Not in the test, but the scene demo 2nd stage boss, which basically is purely compute, is twice as fast on a Titan V compared to an OC'ed GTX 1080 Ti (2,000e-6,000m) and also (a little bit, ~5%) fast [edit: er] than the former dominator in this test, the RX Vega 64 LCE. It was a showcase for Vega all along.
 
Last edited:
Quantum Break results show just how bad that game was in terms of optimisation for Nvidia hardware and I cannot help but think how many times AMD complained about games optimised for Nvidia (seems rather cynical to me as this was one of the games AMD promoted for its performance and DX12 design), very interesting result especially as it is the DX11 version.

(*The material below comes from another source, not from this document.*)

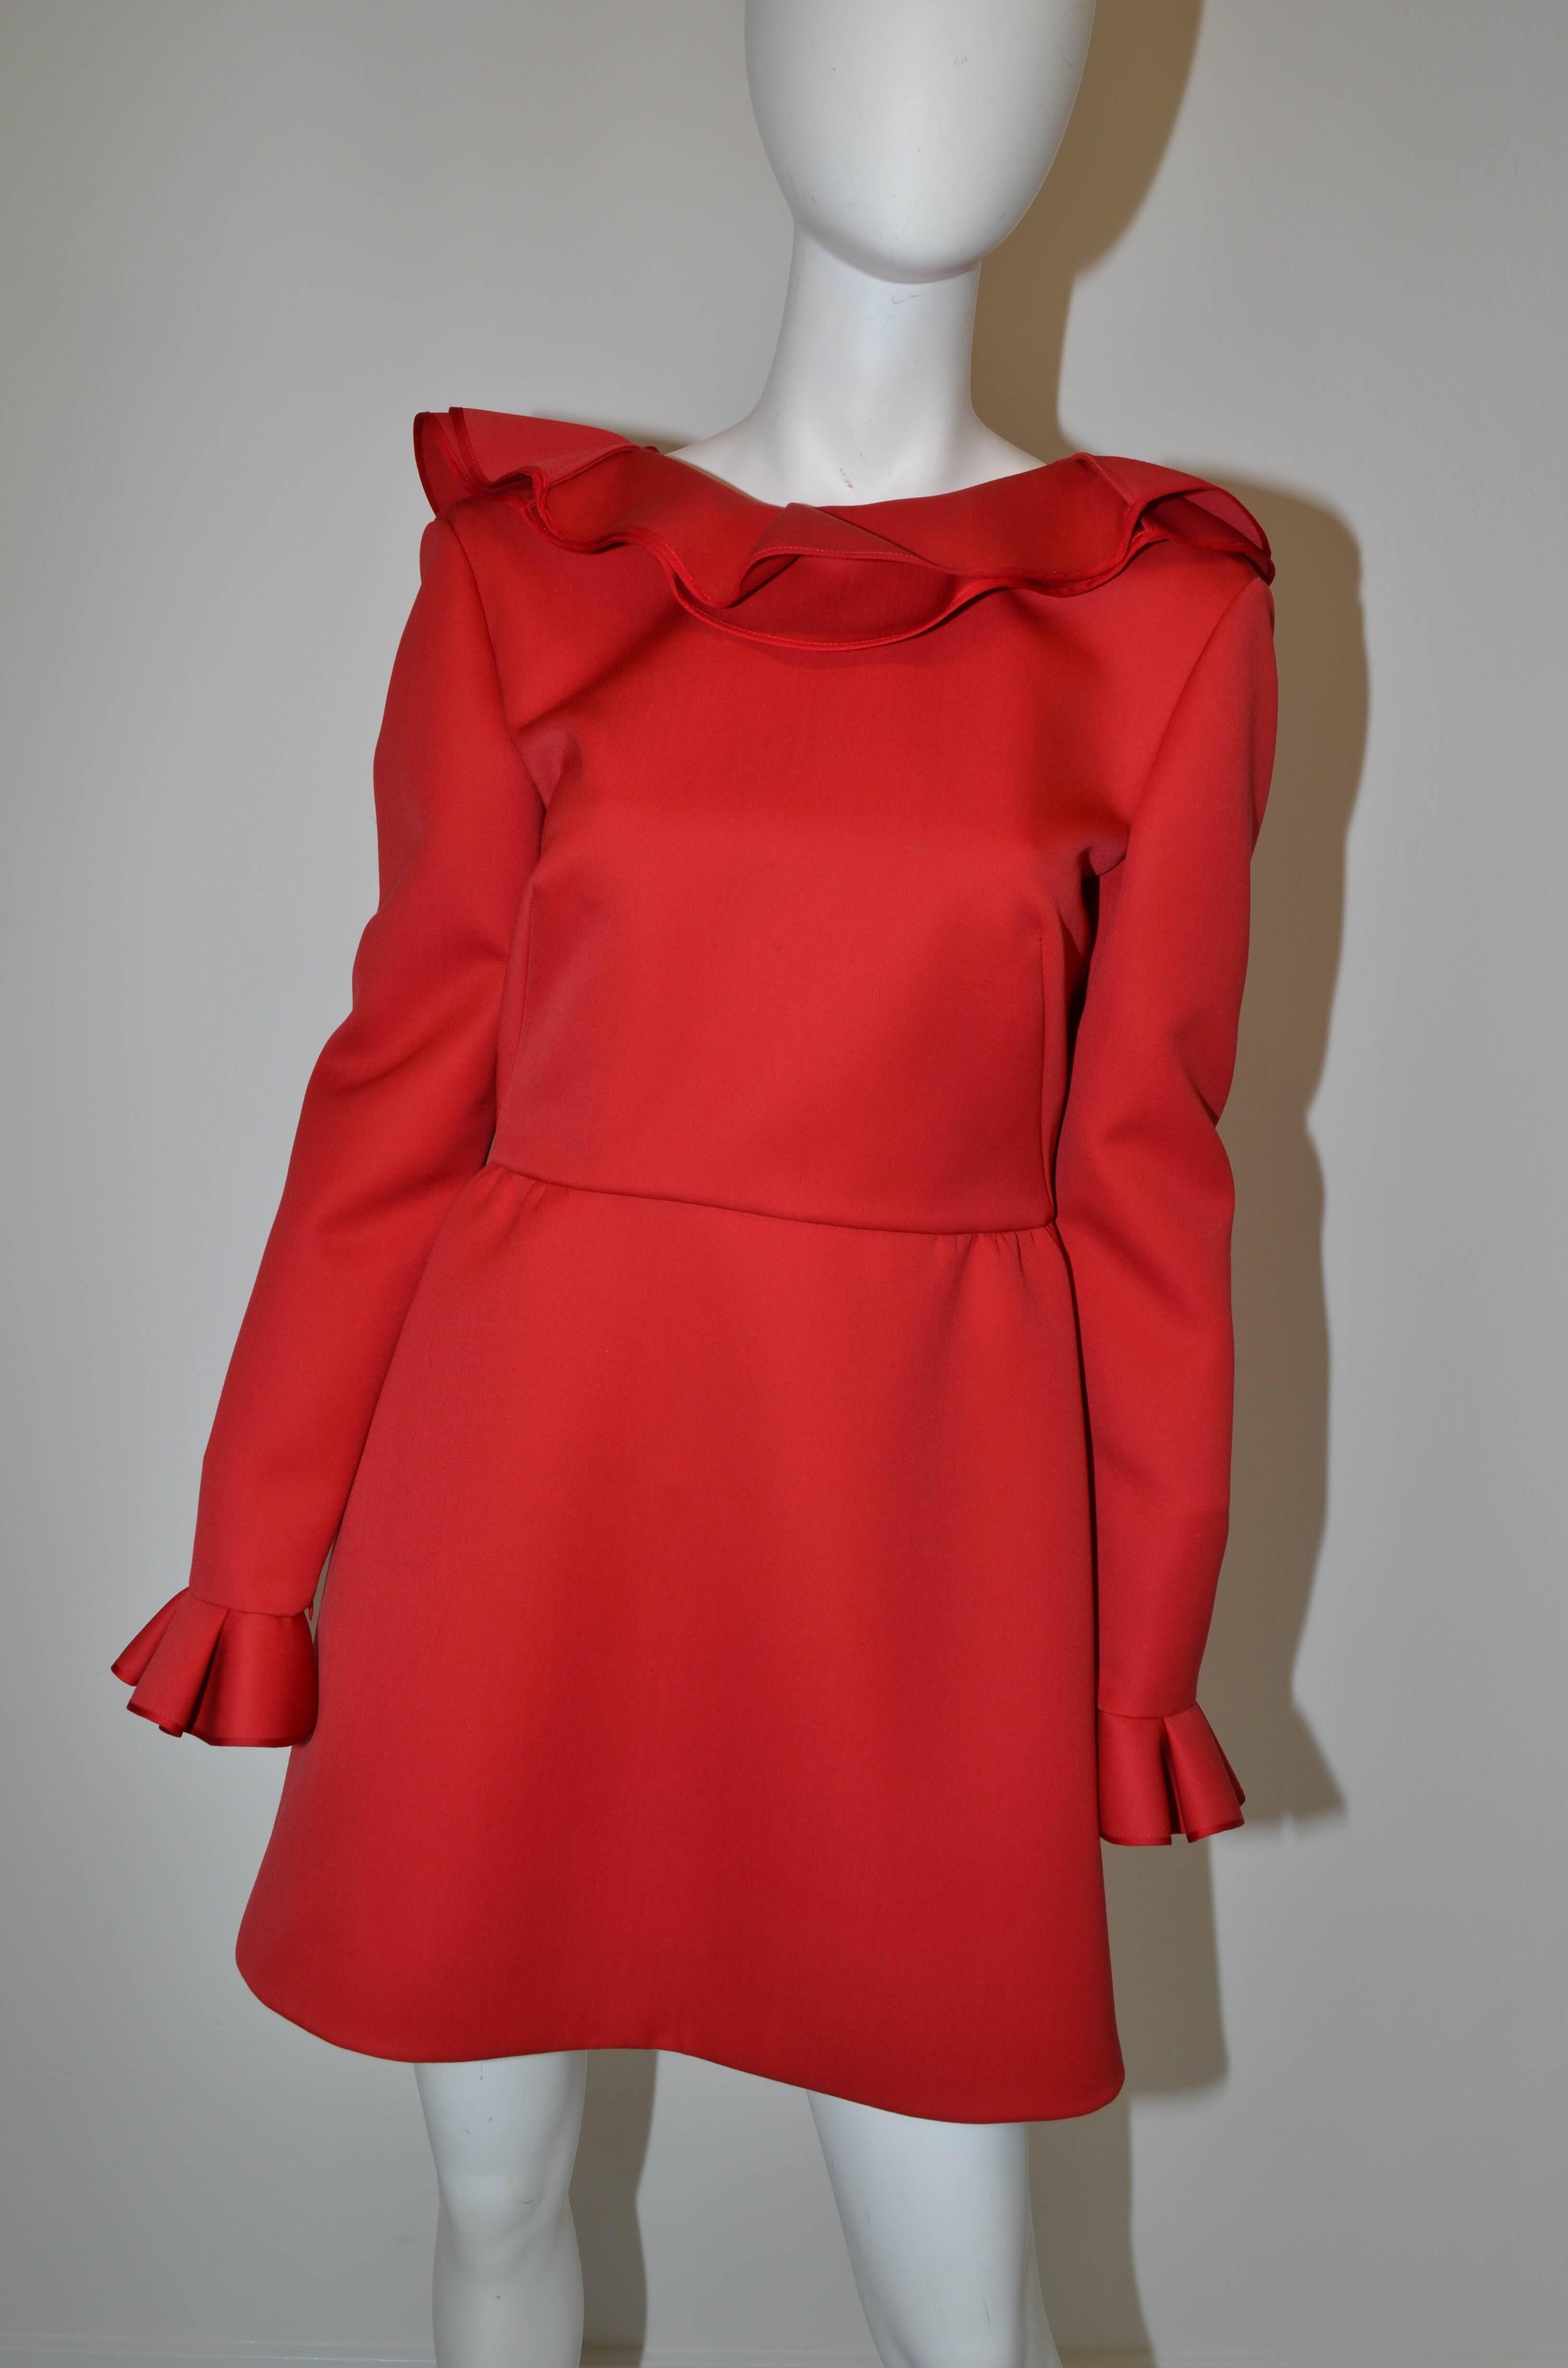 Valentino Wool Dress in Red with Ruffle 3

Regarding good performance scaling, Hellblade is another that scales pretty well on Titan V but more so at 1440p; PCPer measured that at 38% gain over Titan Xp at 1440p and 29% at 4k.
https://www.pcper.com/reviews/Graphics-Cards/NVIDIA-TITAN-V-Review-Part-1-Gaming/Hellblade
Their Witcher 3 pretty much aligns with PCGamesHardware.
Good performance scaling on Titan V for games it seems is rare though.
 
Last edited:
Interesting, our Hellblade-scene indicates rather mediocre scaling between TV and TXp, but we're using a lower-fps scene anyway (~102 fps in WQHD for TV, 83 for TXp).

Apart from outlier Quantum Break, Elex and Sniper Elite 4 are able to utilize the TV's ressources better than average, and of course our application test in Capture One (raw converter), where TV eclipses the other cards as well by a very healthy margin despite being limited to it's OpenCL boost of only 1.335 MHz.
 
Quantum Break results show just how bad that game was in terms of optimisation for Nvidia hardware and I cannot help but think how many times AMD complained about games optimised for Nvidia (seems rather cynical to me as this was one of the games AMD promoted for its performance and DX12 design), very interesting result especially as it is the DX11 version.
So because AMD isn't happy about x^n games optimized for NVIDIA (including dirty tricks) one game optimized for their design (being developed for console using their design) means they shouldn't have ever complained :rolleyes:

edit: http://www.pcgameshardware.de/Gefor...178/Tests/Benchmark-Review-Release-1242393/2/
Looking at the results at tad lower resolution, Quantum Break DX11 was never badly optimized for NVIDIA to begin with, the results are pretty well in line with the usual performance difference of the cards, Volta just has something the game really really likes - much more than it likes AMD hardware
For DX12 there's little benchmarks to draw conclusions from, but AMD has traditionally been relatively stronger in DX12 than 11
 
Last edited:

Not sure myself as AMD do not have great results due to it being DX11 back before they started to do driver improvements with DX11 and were focusing on DX12 with devs.
Case in point look at all those early DX12 games and then compare their DX11 performance with AMD cards.
Another factor is just how much the gains are for Volta over Pascal & Maxwell in this very specific title that has been bad for Nvidia in general, other games that are heavily optimised and designed from scratch for both hardware has gains one expects and that is under 33%; case in point is Wolfenstein 2 that still has a fair amount of emphasis for AMD but still designed for Nvidia hardware.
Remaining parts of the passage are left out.